• EXERCISE INSTRUCTIONS: Lift out, unaltered, the lines of the material below between the line holding "Rhapsody D' Amour" and the line holding "Arno Schmidt. Zettels", counting both.

• DATA TO PROCESS:
↓

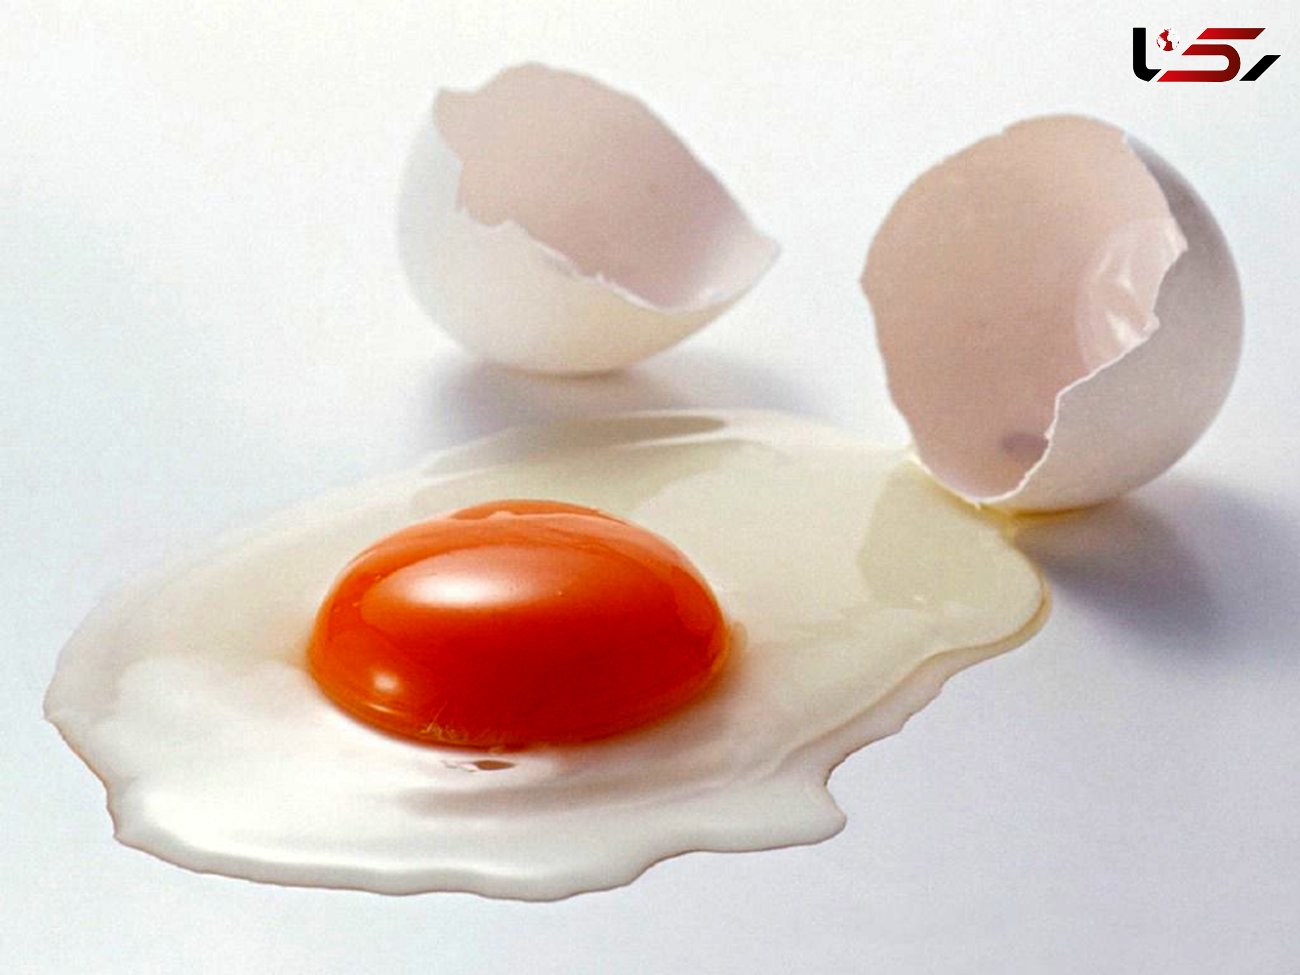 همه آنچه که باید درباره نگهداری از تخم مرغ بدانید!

↑
↓

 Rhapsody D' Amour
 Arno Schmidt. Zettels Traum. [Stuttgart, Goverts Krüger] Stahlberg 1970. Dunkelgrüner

↑

• SOLUTION TO THE EXERCISE:
 Rhapsody D' Amour
 Arno Schmidt. Zettels Traum. [Stuttgart, Goverts Krüger] Stahlberg 1970. Dunkelgrüner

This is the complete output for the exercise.